Tuesday, June 05, 2018

A bit of heaven

There have been times when I've been asked what city I'd like to live in for the rest of my life. What sort of neighbourhood, what kind of streets, what shape of home?

I've never been able to come up with a good answer. The answers I do give sound unreliable even to my ears. Do I really want to be stuck in a big city? Do I really think I'm a small town girl? Is there anything worse than the sort of city which is neither metropolitan nor cosmopolitan, nor even eternally familiar?

It's a tricky question. What does your corner of heaven look like?

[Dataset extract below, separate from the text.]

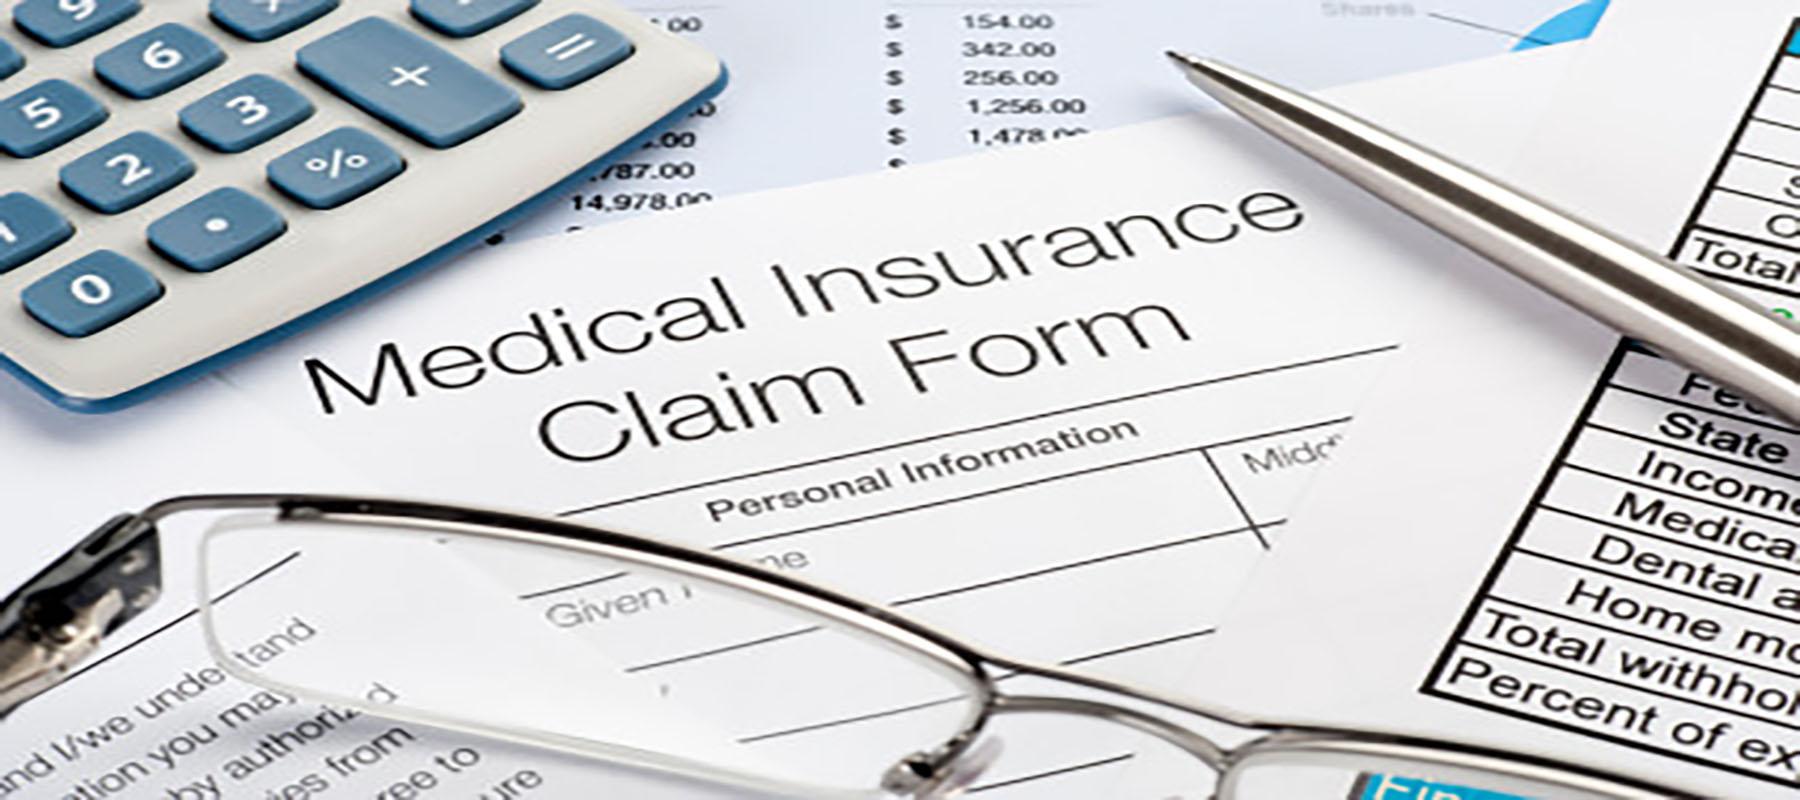 Medical Claim Form3

I find it easier to imagine my corner by eliminating the things it most certainly wouldn't have, if I had my way. I know that I wouldn't like my share of the sky eaten up by concrete. I know that I would not want plastic bottles and food wrappers in the vicinity, and if they were thrown, then – since we're talking of heaven where anything is possible – I'd like some sort of technology to be put in place that the thrown bottle or wrapper would fly right back to the hand of the thrower and attach itself there. The more one tried to throw a piece of rubbish into public property, or someone else's property, the more adhesive the rubbish would become.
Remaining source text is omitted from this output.